Black Beluga lentils have the most flavor, adding a rich, earthy taste and a firm texture that holds up well during cooking. Black lentils will be ready in 20–25 minutes; however, they will fall apart like their brown, green, and red partners once you cook them for too long.

Do you need to soak lentils? ›

Lentils to do not require soaking like other pulses. Rinse your lentils with fresh water before boiling to remove any dust or debris. Cook on a stovetop, using 3 cups of liquid (water, stock, etc) to 1 cup of dry lentils. Be sure to use a large enough saucepan as the lentils will double or triple in size.
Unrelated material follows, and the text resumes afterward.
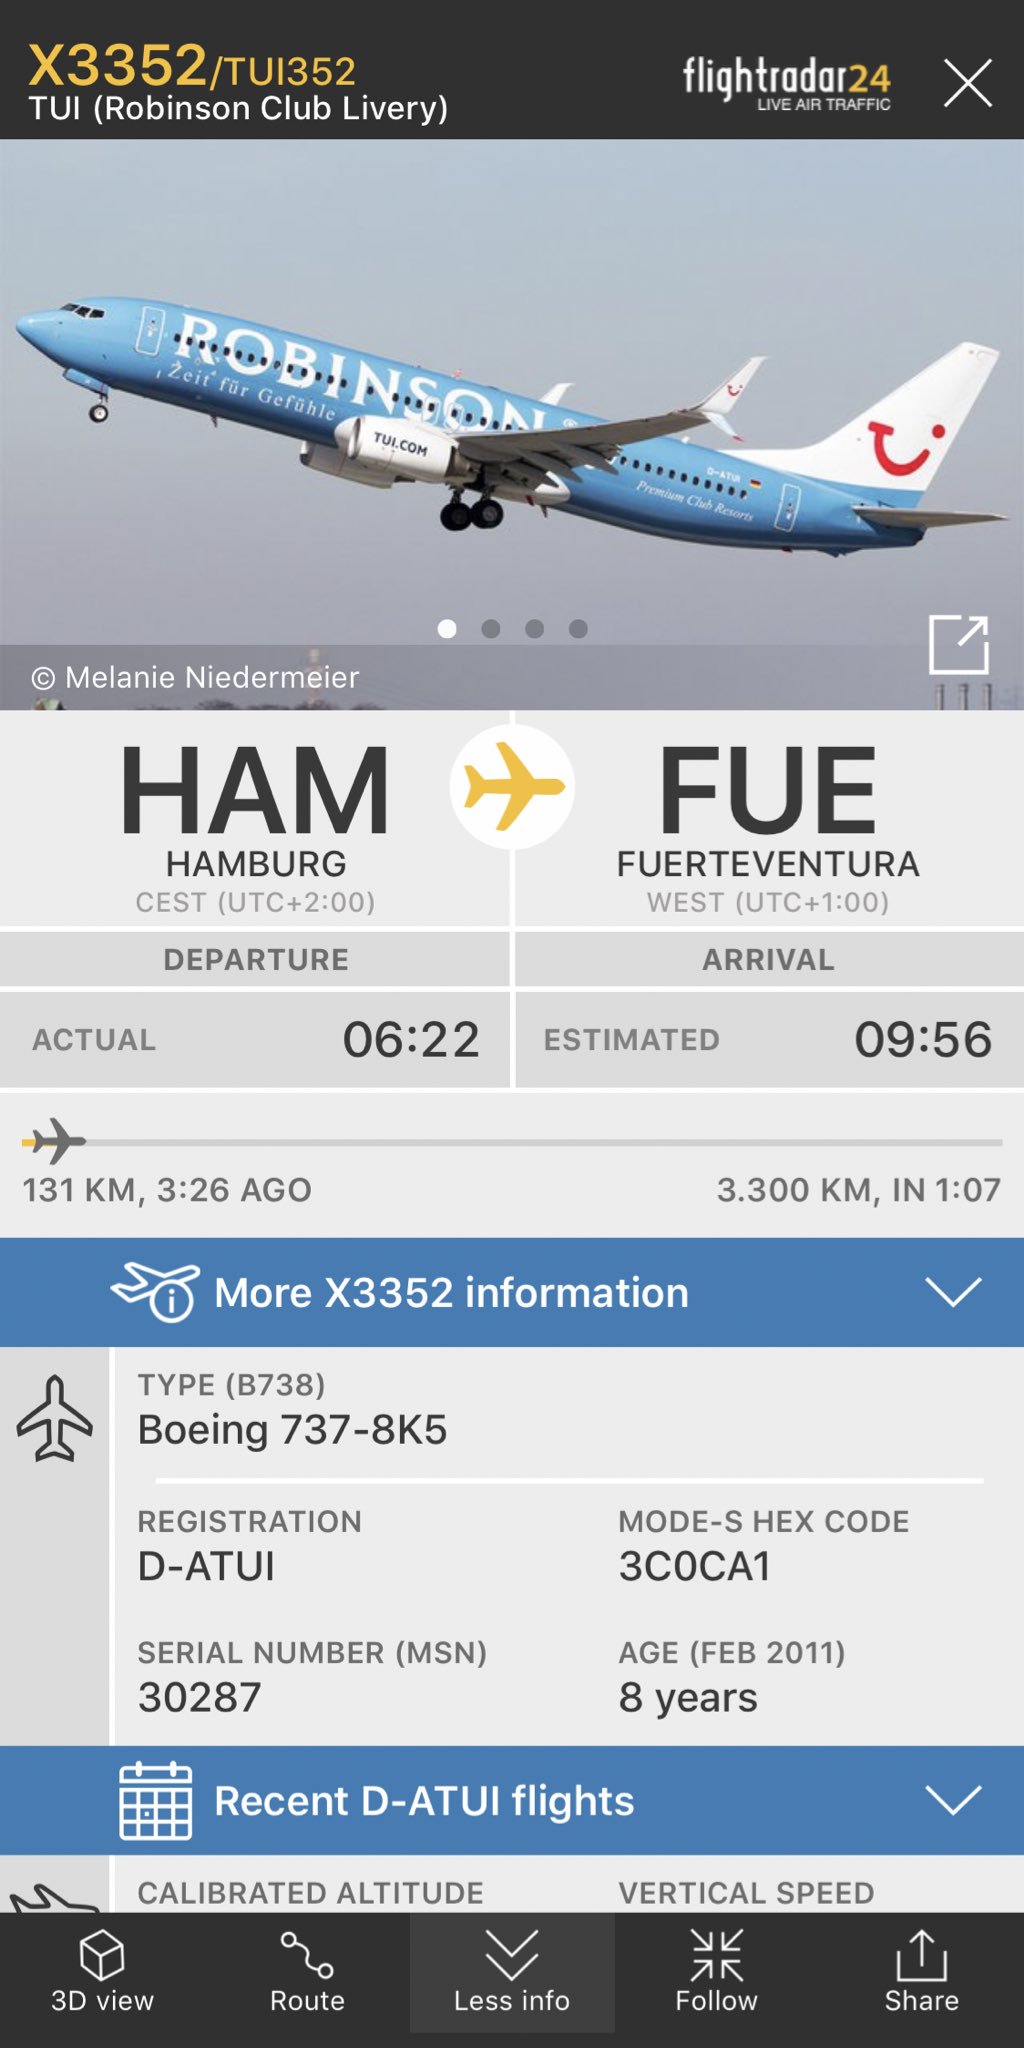 International Flight Network Twitter: "TUI flight #X3352 from to Fuerteventura (FUE) is diverting to Hannover (HAJ) https://t.co/9Y55jkIsij https://t.co/qBc9sFWYD1" / Twitter

What is the best way to eat rhubarb? ›

Although it can be eaten raw, rhubarb tends to be too tart this way, and it's usually best when cooked with plenty of sugar. It goes well with both ginger and strawberries.

What can I do with rhubarb from the garden? ›

Rhubarb can be used in a variety of ways but is usually stewed with a little sugar and used in crumbles and as a nutritious topping for porridge. You can also use rhubarb to make cordials and other drinks.

What is the healthiest way to eat rhubarb? ›

Raw in salads – balance tartness by pairing with sweeter ingredients and slice very thinly. Roast with Orange and Maple is a lovely simple way no-refined sugar way to eat Rhubarb. Saute – Saute coconut oil, butter, olive oil – add maple or balsamic vinegar for a dessert or warm salad.

How was rhubarb used medicinally? ›

Rhubarb is a perennial herb, and the stalks are sometimes consumed as food. In Traditional Chinese Medicine (TCM), the rhizome and root are use to treat gastrointestinal and liver diseases. It is also used in herbal formulas such as Ma Zi Ren Wan.